Jan 27 2009

On Well-Meaning Assholes

I’m sick of people giving me advice.  Yesterday, someone at work, after lecturing me naively about my low-sodium eating options as if I haven’t done 30 days of research already, advised me on getting my affairs in order.  In getting a will.

Now this person recently lost someone close to them, so they were thinking practically — what I needed to do to make things right for the people I leave behind.  And getting a will is on my list of things to do — but Christ, was it really any of their business to talk to me about it?  It’s one thing to be the survivor after a family member dies — God knows, I know what that means after losing my father — but it’s one thing to presumptuously counsel a person who actually might be dying.

Seriously, work colleagues should not be doing this.

Now here’s the thing, I don’t know if I’m dying.  All I know is that I have a weak heart and that I’m currently in fairly stable condition.  I had a right-side heart catherization a week ago, and the cardiologist told me it looked better than before.  Not normal, obviously — but better.  My gas levels and pressures were fine.  No one knows my risk level yet.  I may need an assist device, or I may not.  I may need a heart transplant, or I may not.  I may only need medication, or I may need more than that.  The point is, no one knows.  But this person treated me as if death was a forgone conclusion.  

Now, death is a foregone conclusion for every human being on earth.  But that doesn’t mean it’s happening tomorrow, this year, next year, ten years from now, etc.  Anyone can die at any time — shit happens.  Shit has happened to me.  I watched my father die of cancer for half a year, and I’ve recently quite suddenly lost a family member.  But I’m not dead yet.  And I’d prefer if people would stop treating me as if I’m going to die in the immediate future.  Because no one knows — I don’t know, my doctors don’t know.  I don’t even feel that bad.  
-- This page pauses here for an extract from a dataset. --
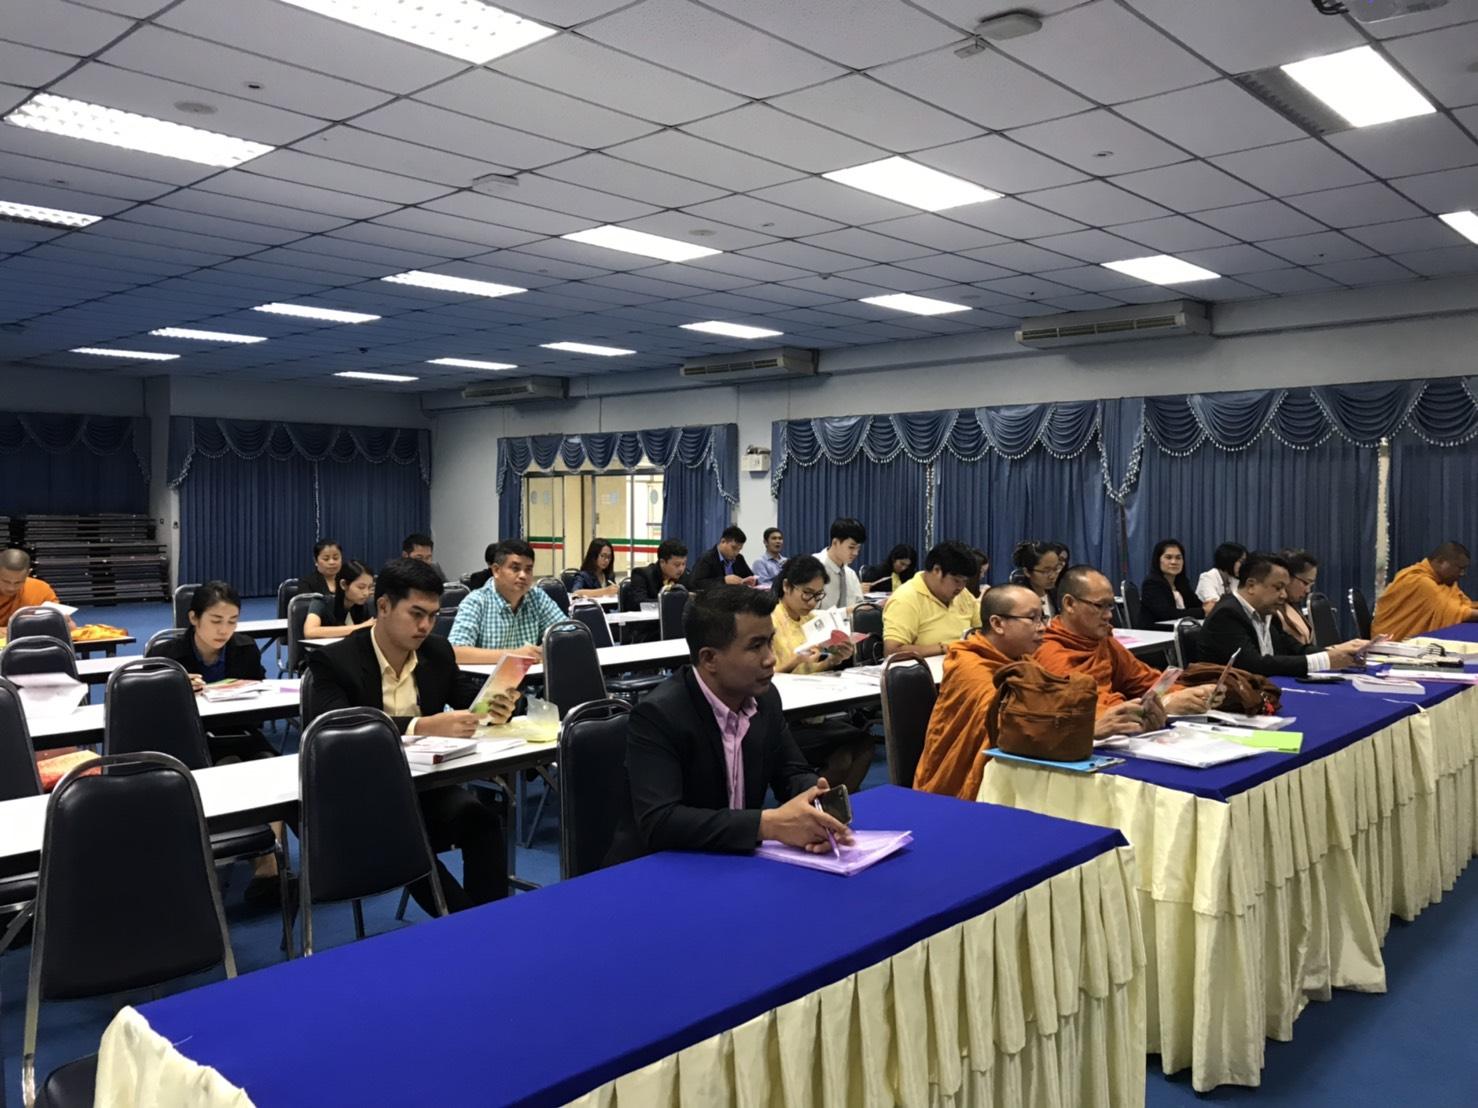 การรับรายงานตัวและปฐมนิเทศนักศึกษา ภาคเรียนที่ 2/2562

I have accepted that I may die, and I’ve also accepted that I may live.  I’ve come to terms with that — I’m not in denial.  But I believe very strongly that to get through this I have to fight death with everything I have.  And that means avoiding conversations with well-meaning douche bags who have no idea what it means to have been told things like “you may need a heart transplant” or “you may die.”  Until someone has said those words to you, keep your fucking advice to yourself.  I have enough advice from my top flight health care providers, thank you very much.  Nothing spoils morale more than someone treating you like you’re going to fail in the struggle you are now committed to.  

Even if this does eventually kill me, no one will be able to tell me that I just gave up or rolled over.  I am stubborn and driven.  As a boy, my father taught me how to suck it up and keep going despite pain and doubt.  I clawed my way out of a possible future of dead-end service industry jobs to work in the white collar professional world of Washington, D.C.  

I have modest goals — live to see my girls graduate from high school.  Get my master’s degree in communication.  Live as long as my dad — if I can make it to 50, then I will have succeeded.  That’s less than 20 years.  I can do this.

And if it means replacing my heart and a lifetime of immune-suppressing drugs then so be it.  I will do whatever it takes.

And anyone who wants to tell me otherwise, or focus on the worst possibilities over the best possibilities can go fuck themselves.

As John Darnielle once said, “I’m going to make it through this year if it kills me.”